Silence on both sides is deafening
Why does either side in Iceland discuss this openly? Supporters of membership prefer to talk about economic benefits and “European cooperation.” They know that any debate about this industrial system, centralisation, and restrictions of freedom of expression frightens people. Opponents to EU Membership have focused on traditional sovereignty issues — fisheries and independence — but have avoided digging deeper into how the EU has evolved into a system capable of limiting even the rights it claims to protect.
Both sides of the board appear to agree on keeping the debate on the surface: money and quotas, but not the question of who actually has the right to decide what may be said, what may be known, and how democracy should function.

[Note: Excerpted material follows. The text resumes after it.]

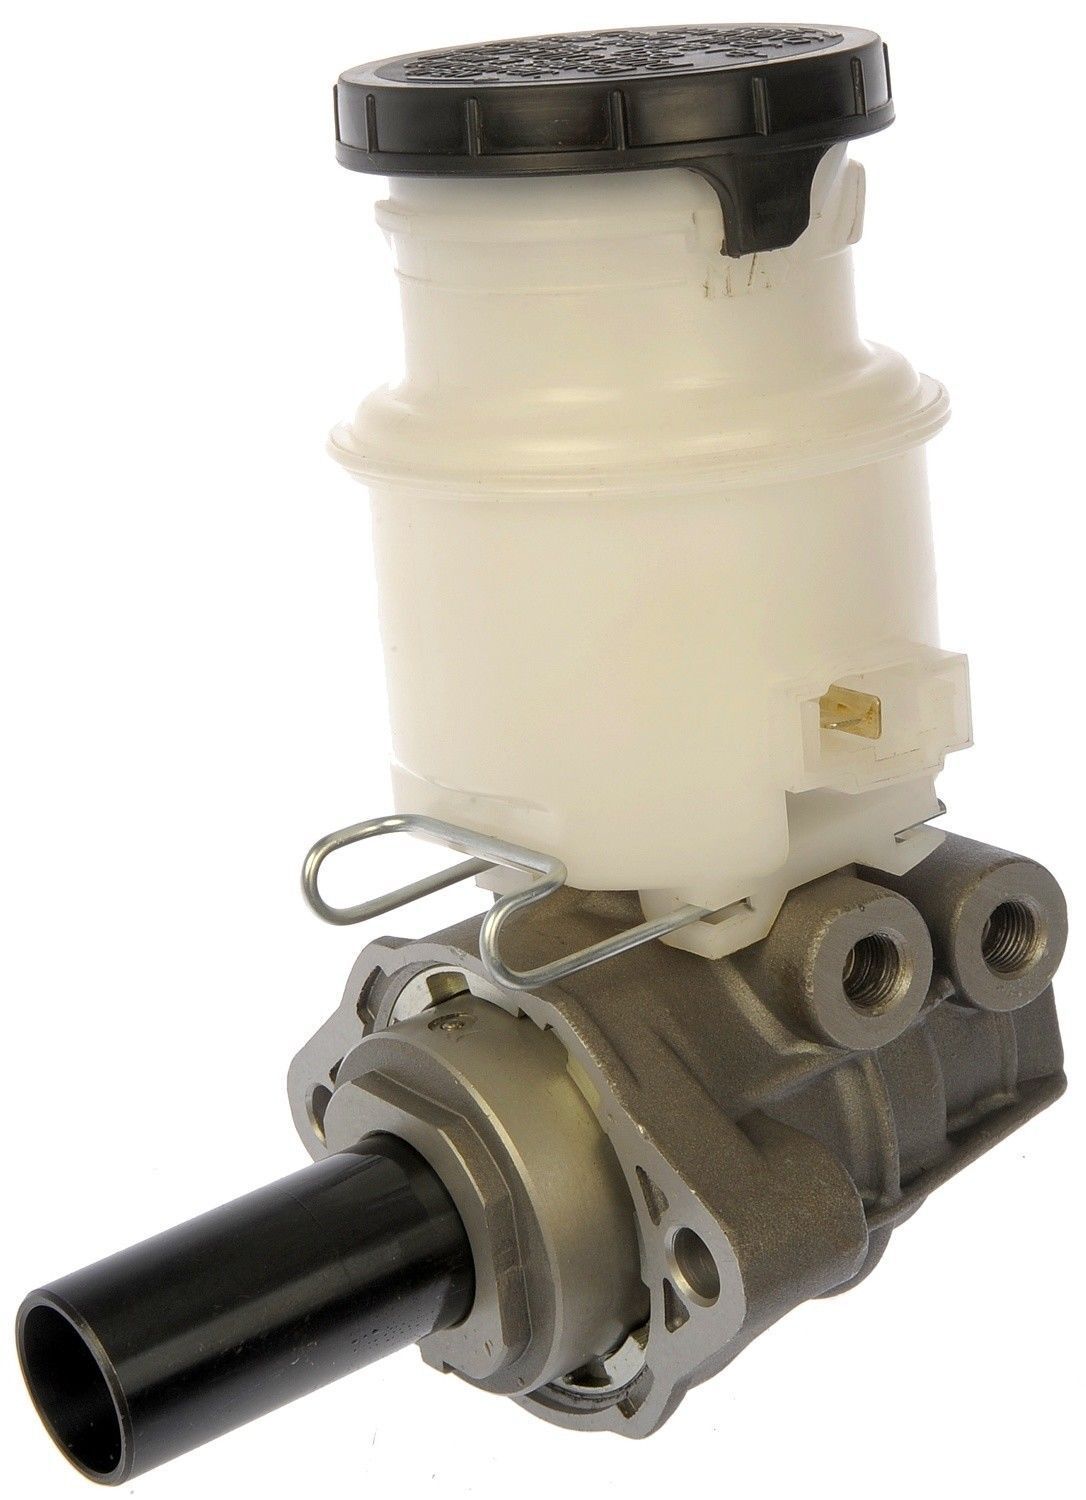 Brake master cylinder for Isuzu Trooper 94-02 Amigo 98-01 M630201 MC390131

Icelanders have long prided themselves of a strong democratic tradition, freedom of expression, and respect for privacy. These rights are not guaranteed in a large, centralised union where decisions are increasingly moved further away from voters and where EU funded organisations and censorship systems can wield more influence than elected representatives.
If we are to take a position on EU membership, we should discuss these matters honestly — not only what we gain in our pockets, but also what we give up of what makes us a free nation.
The 29 August referendum is not about the euro. It is about whether we want to continue debating our future on our own terms — or whether we want to hide key issues behind economic promises and a system that restricts our freedom. Democracy begins with asking all difficult questions. Now is the opportunity to do so.